FlashAttention
Inference Optimization
A hardware-aware exact attention algorithm that computes attention with O(N) memory instead of O(N²) by leveraging GPU memory hierarchy (SRAM vs. HBM tiling) — delivering 2-4x wall-clock speedups with no approximation or quality loss.
Standard attention computes Q×K^T (an N×N matrix), applies softmax, then multiplies by V. This materializes the full N×N attention matrix in GPU HBM (slow global memory). FlashAttention (Dao et al., 2022) tiles the computation: it loads blocks of Q, K, V into SRAM (fast on-chip memory), computes partial attention for each block using online softmax (numerically stable incremental computation), and never materializes the full attention matrix. Result: O(N) memory, ~2-4x faster wall-clock time, numerically identical output. FlashAttention-2 (2023) improves parallelism and work partitioning. FlashAttention-3 (2024) adds FP8 support and targets Hopper GPUs. Available in PyTorch 2.0+ as `torch.nn.functional.scaled_dot_product_attention` with the `flash` backend.
Why Does This Exist?
FlashAttention delivers 2-4x wall-clock speedup and O(N) memory instead of O(N²) for the attention computation that dominates transformer inference and training cost. Because it is exact (not approximate), it provides pure efficiency gains with zero quality tradeoff. Its ubiquitous adoption means every modern model benefits from it — it effectively lowered the cost floor for the entire field.

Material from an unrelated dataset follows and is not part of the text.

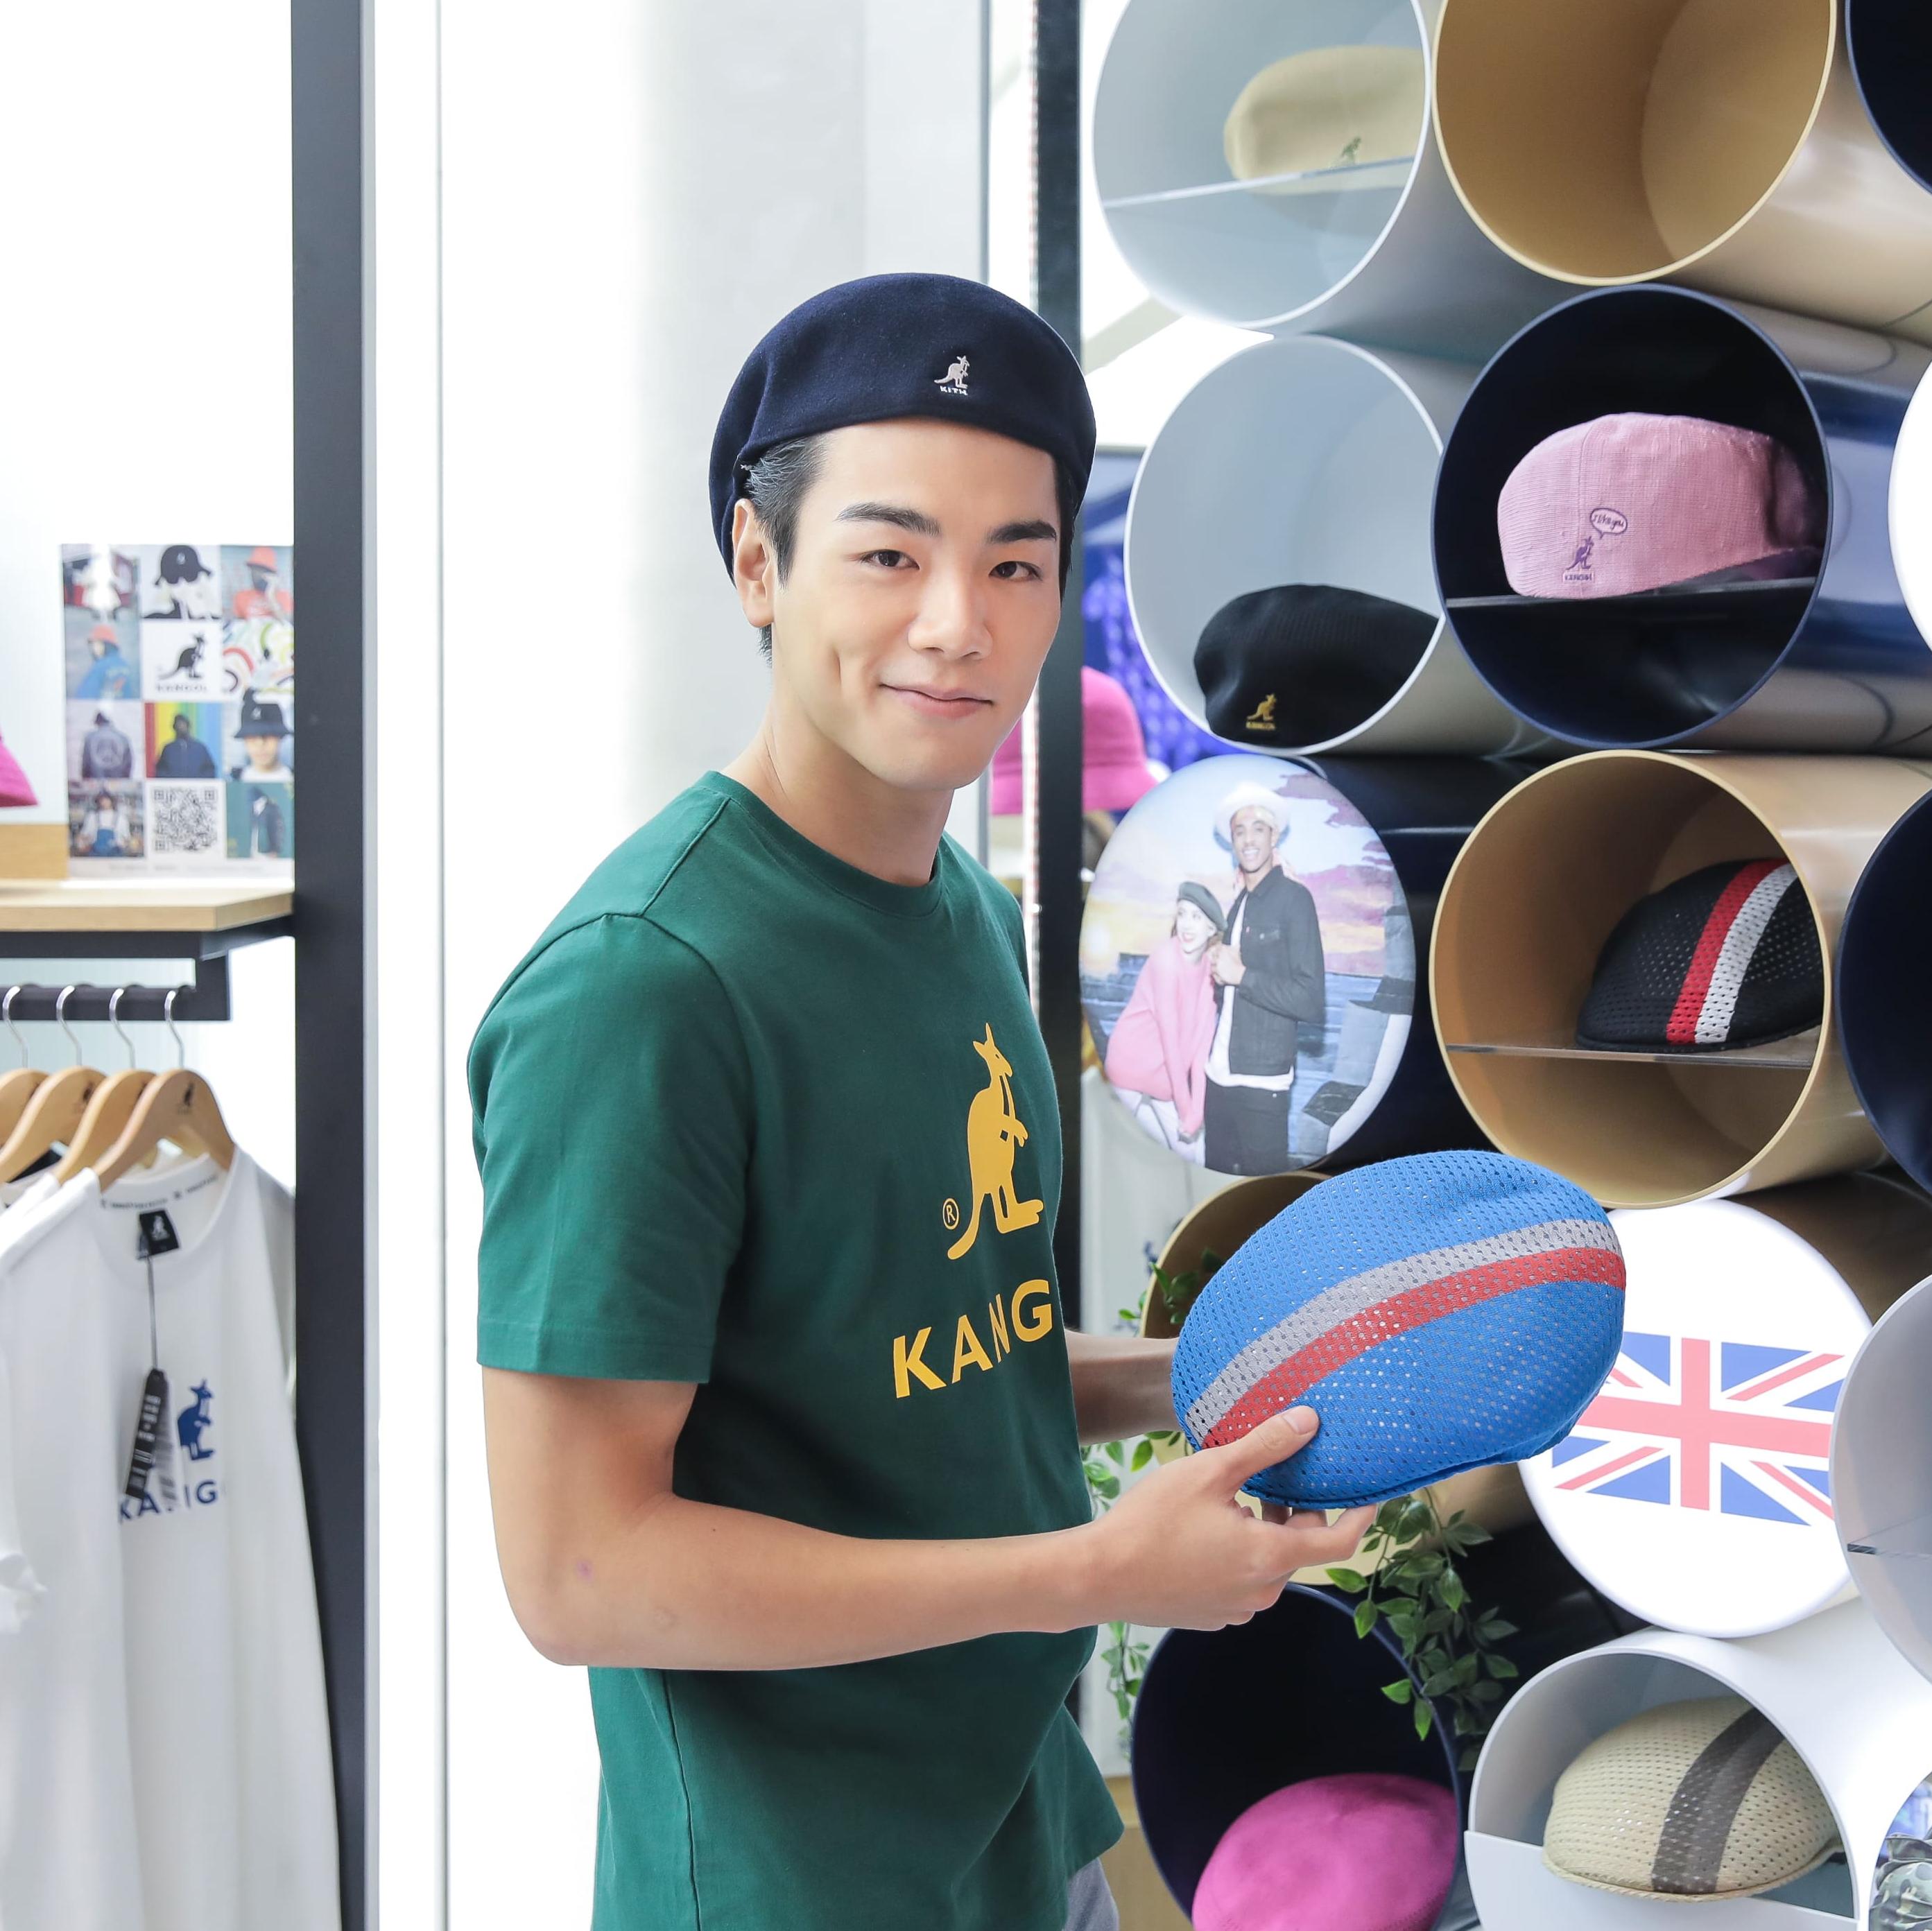 潮流零時差、限量聯名帽款同時曝光!英國帽牌 KANGOL 全台首家旗艦店盛大開幕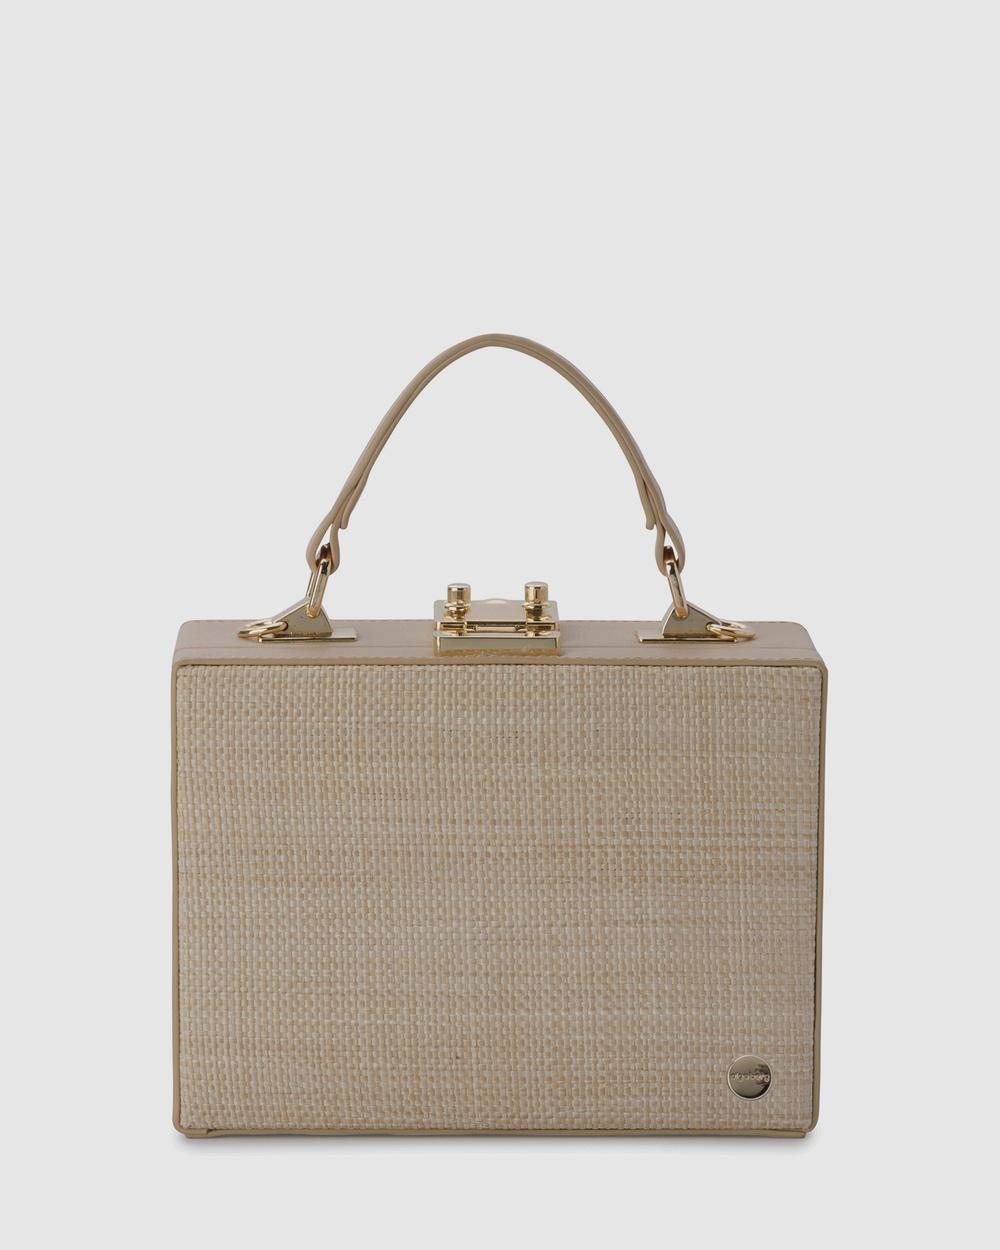 Olga Berg Georgia Straw Weave Top Handle Handbags Natural

By reducing attention's memory footprint from O(N²) to O(N), FlashAttention made long context windows practically feasible. Models with 128K-1M token contexts (GPT-4, Claude, Gemini) would be economically unviable without it. Longer context directly enables new capabilities: processing entire codebases, books, document collections, and multi-turn agent interactions that were previously impossible.